▶ [WHAT NEEDS TO BE DONE] Print the data that follows word for word, leaving out any picture.

▶ [STORED DATA]
-- Opening Marker --
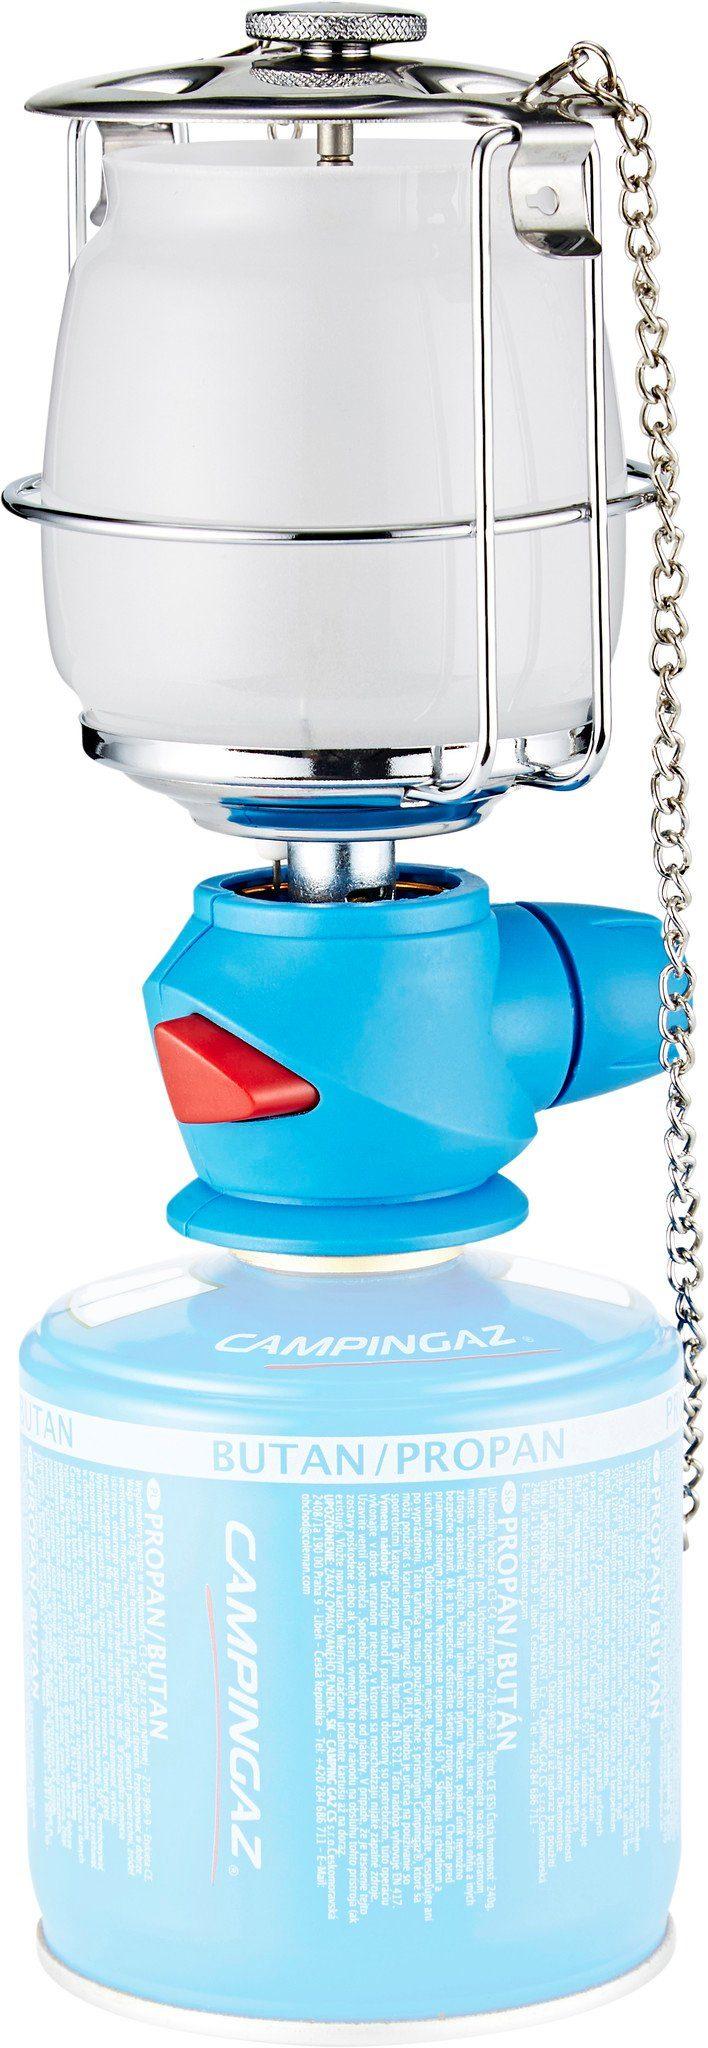 Campingaz Camping-Beleuchtung »Lumostar Plus PZ Lantern«
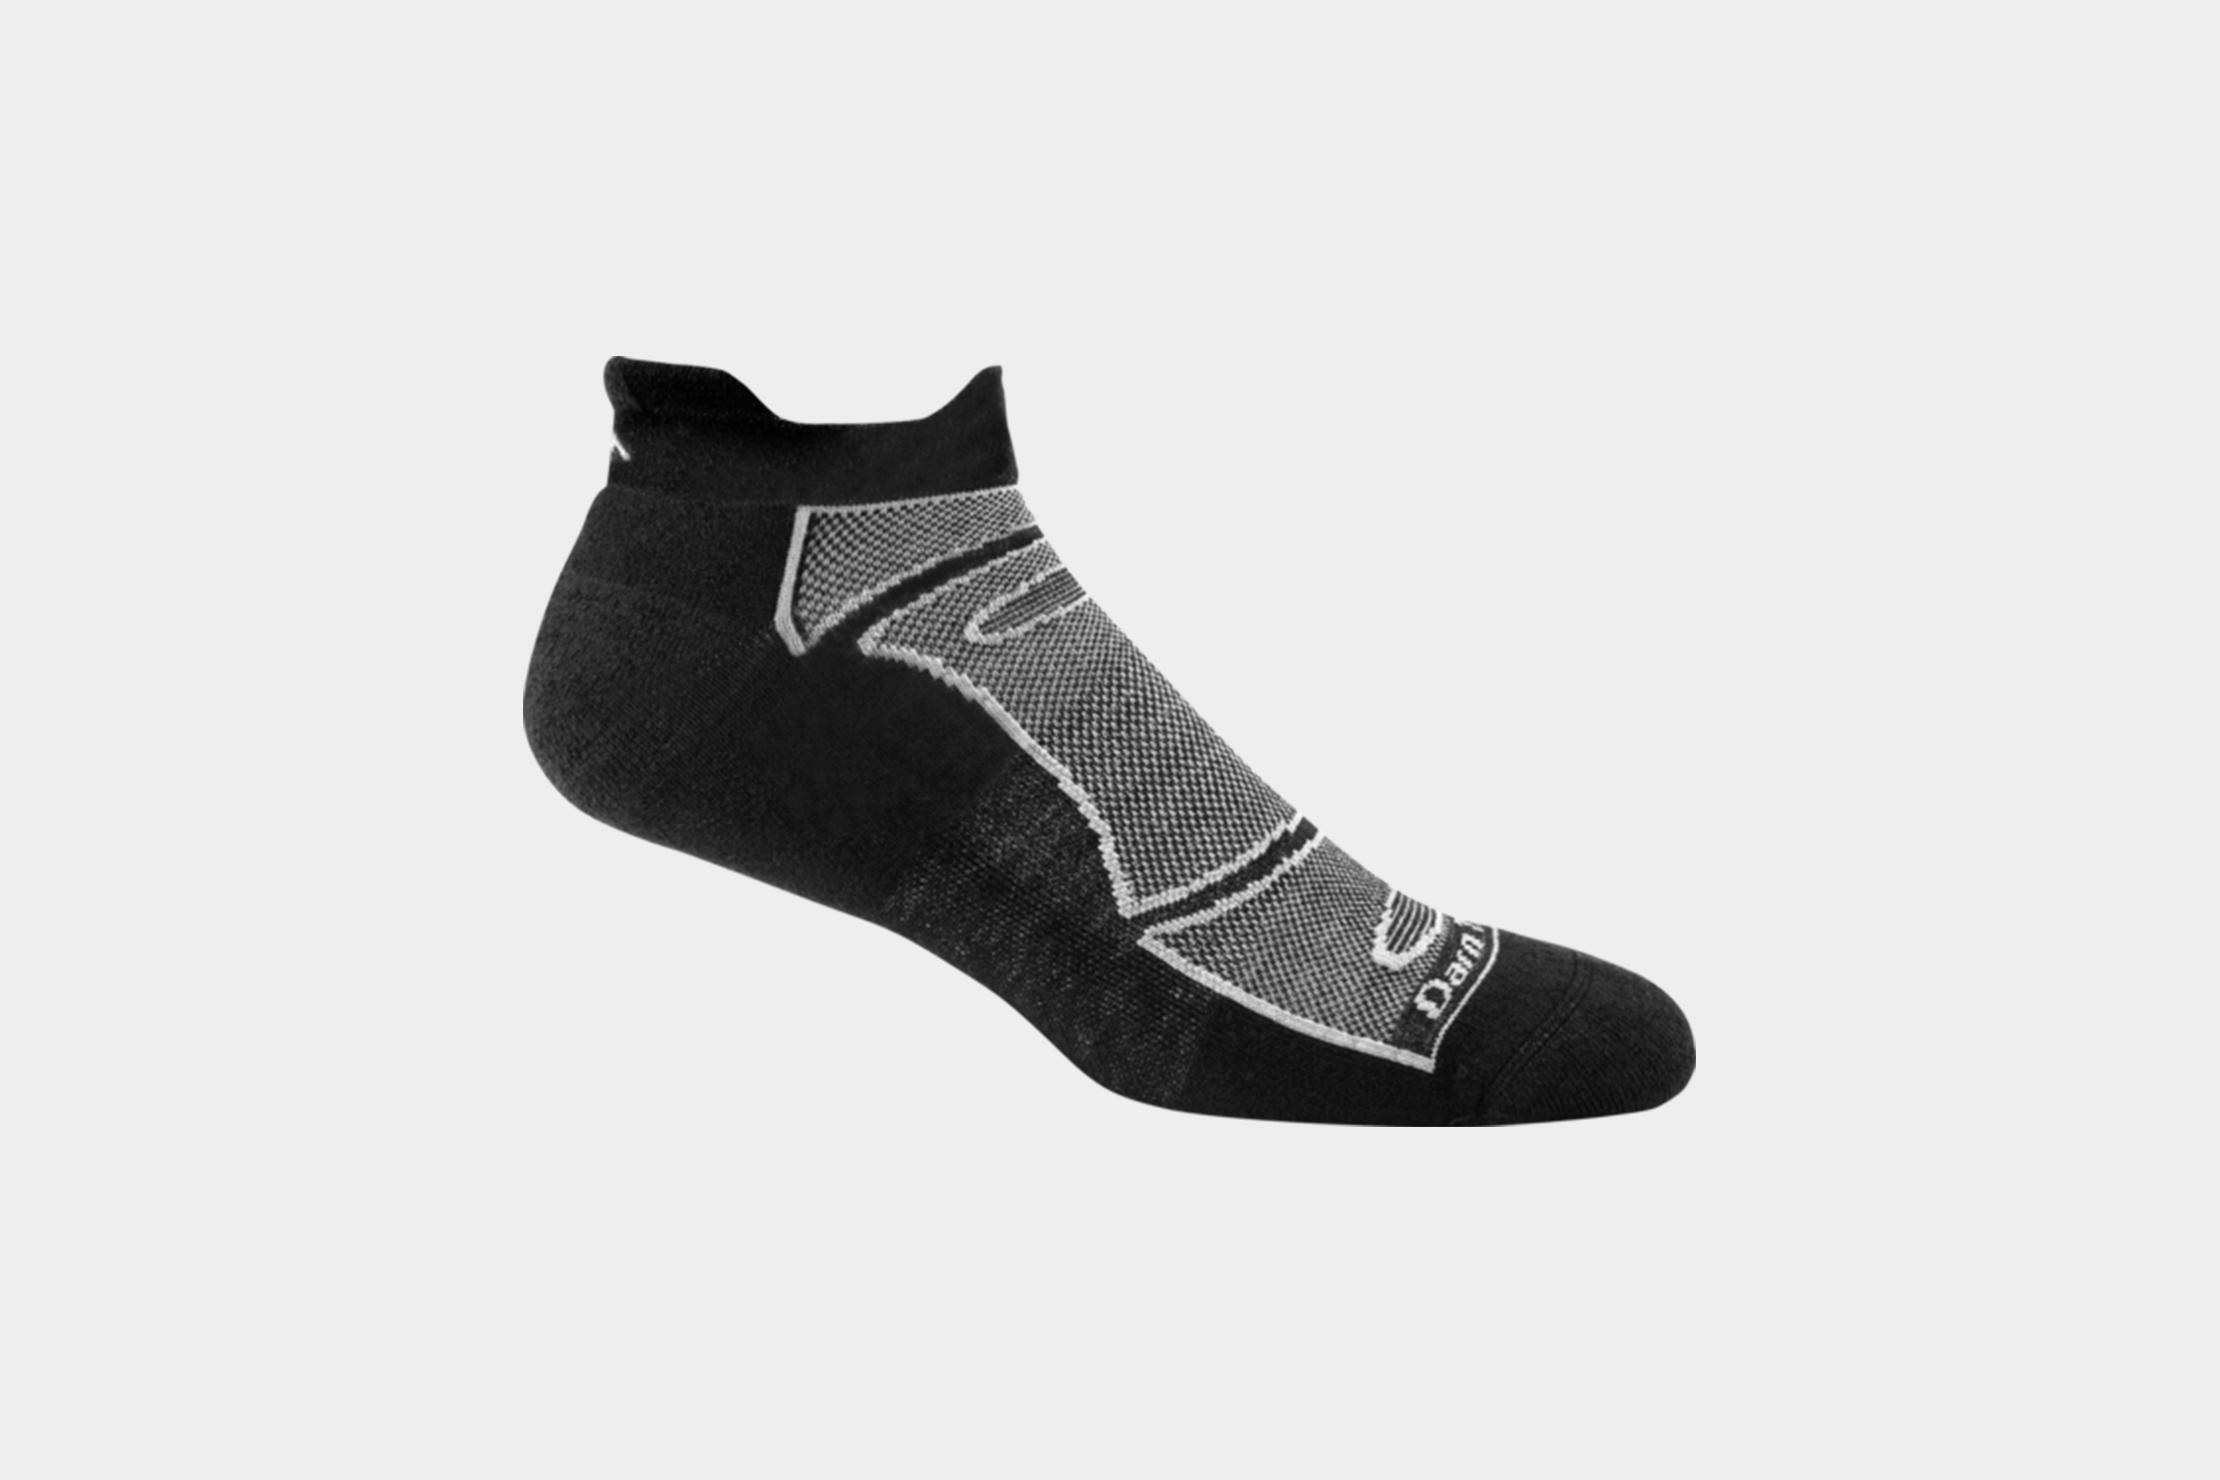 Darn Tough Merino Wool Socks Review
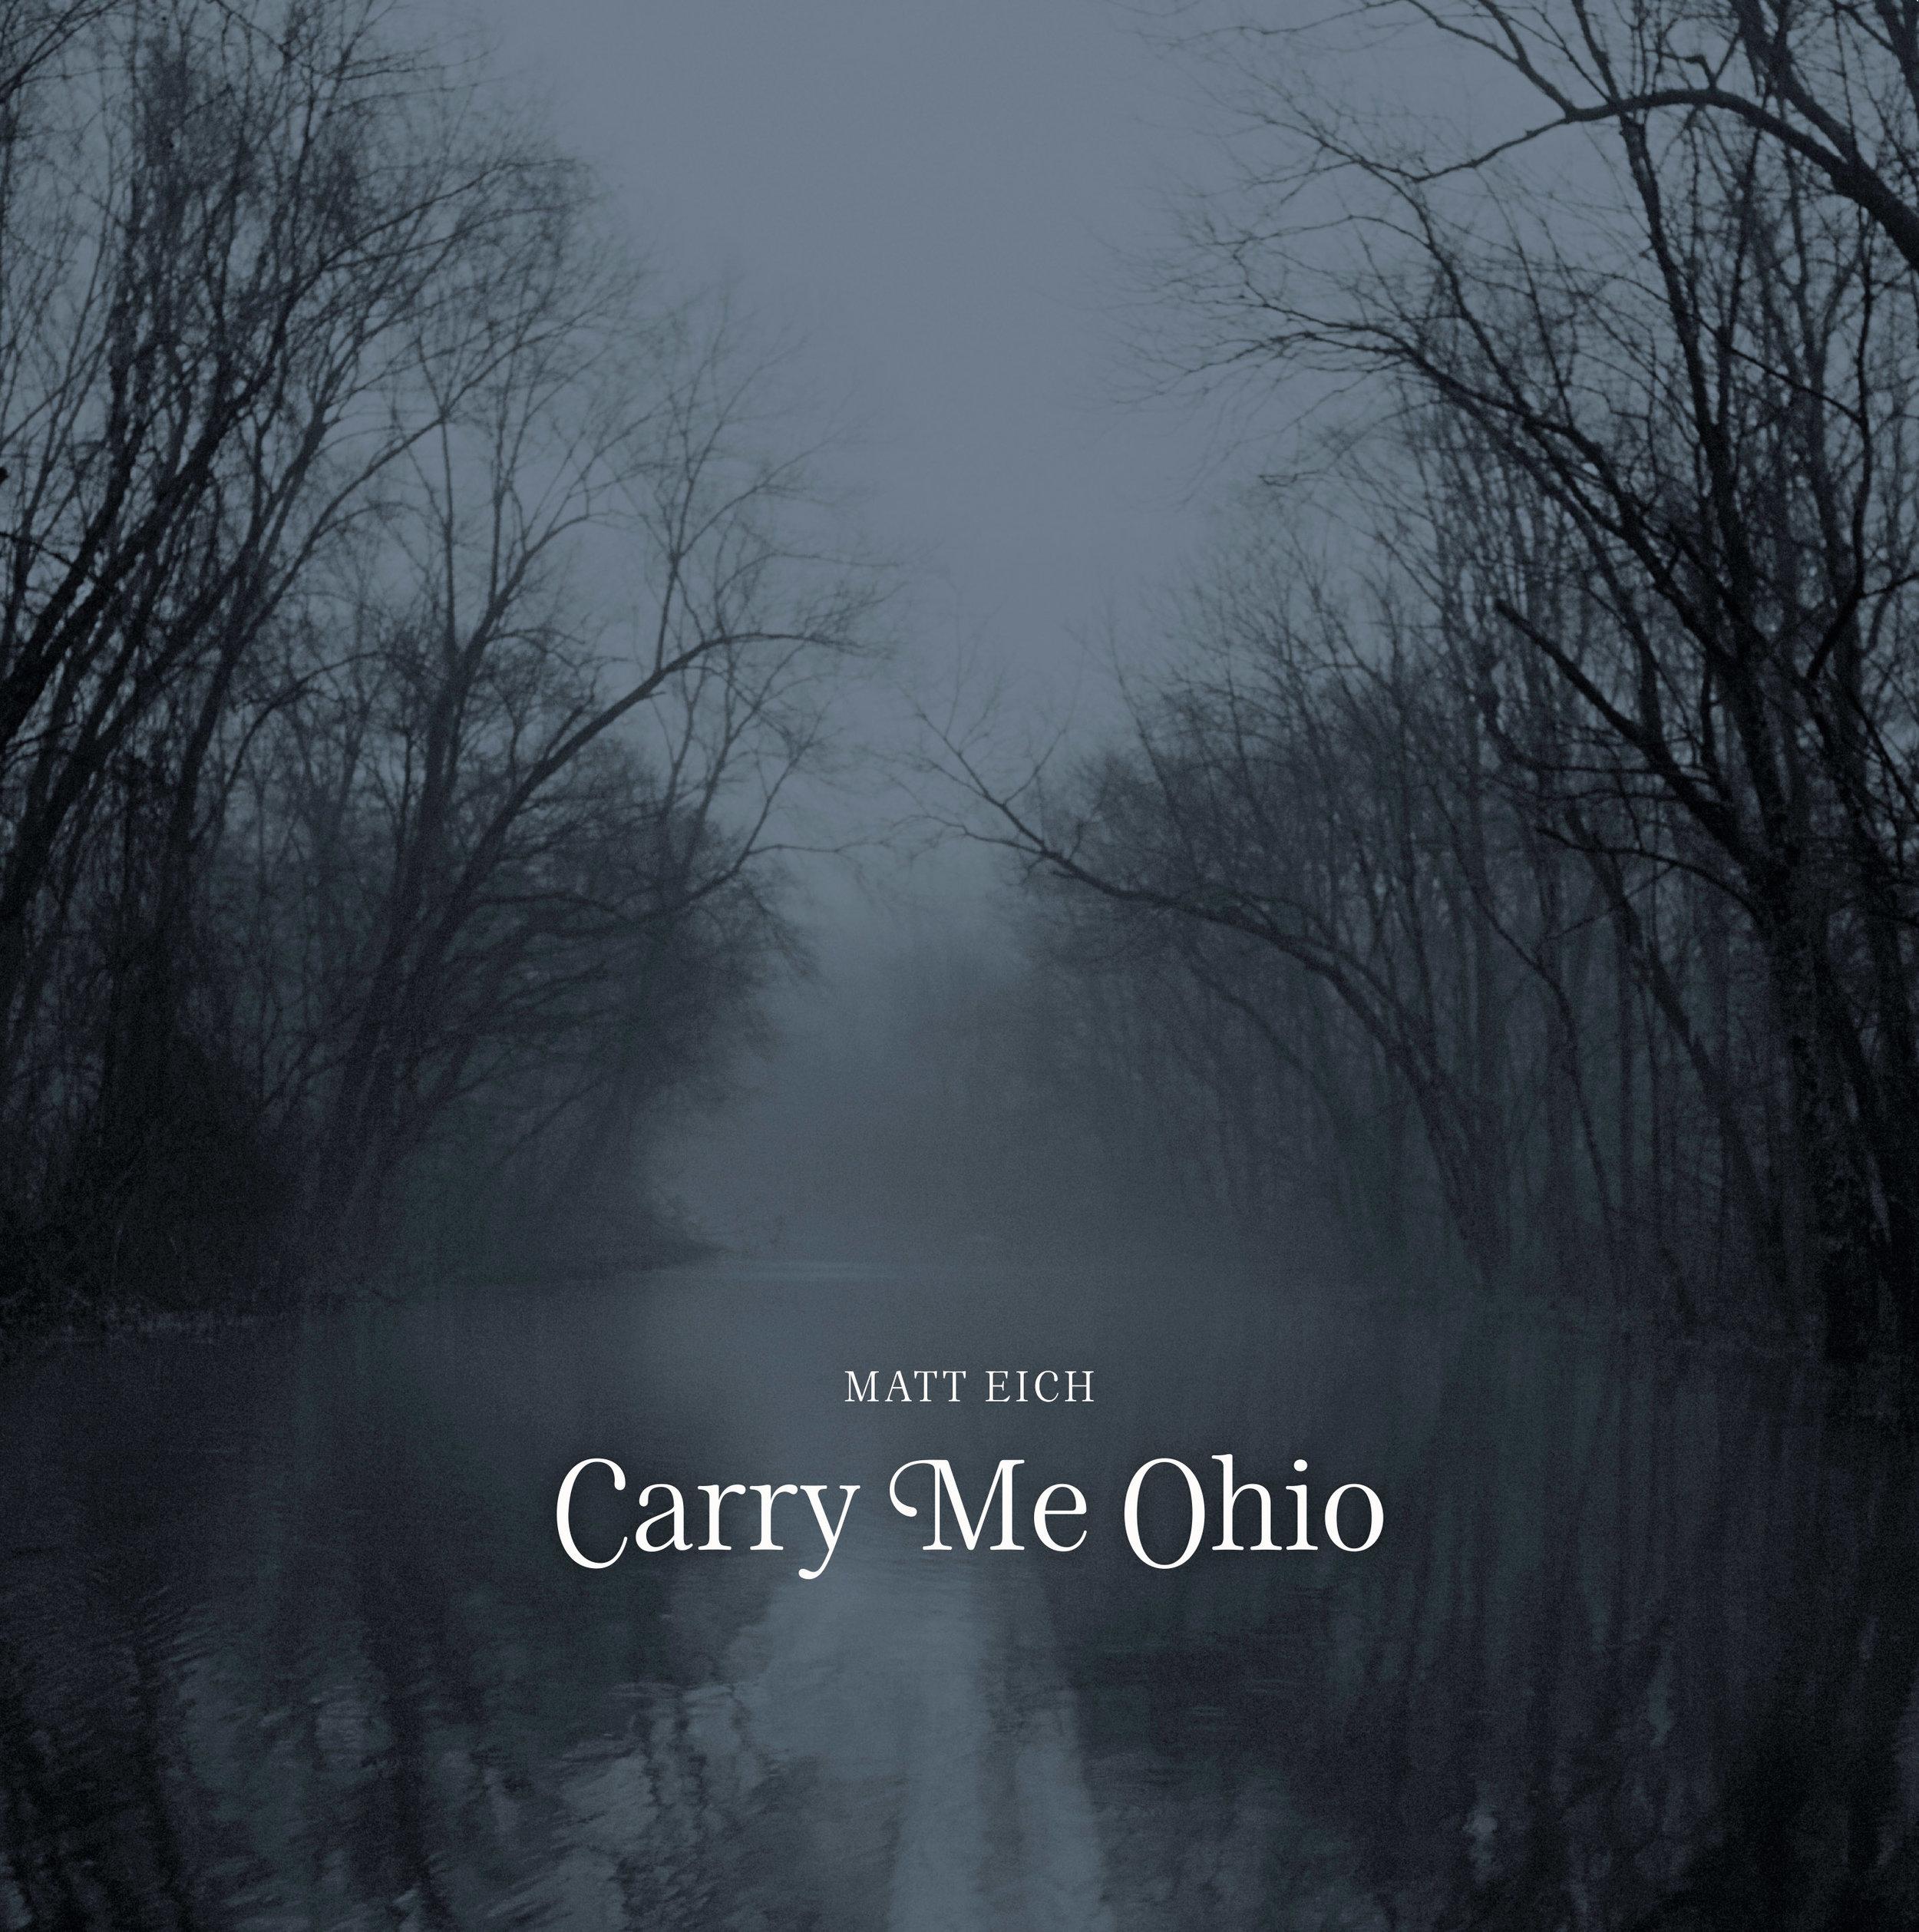 Carry Me Ohio  by Matt Eich. Published 2016.
-- Closing Marker --
▶ [PROBLEM SOLUTION]
 Campingaz Camping-Beleuchtung »Lumostar Plus PZ Lantern«
 Darn Tough Merino Wool Socks Review
 Carry Me Ohio  by Matt Eich. Published 2016.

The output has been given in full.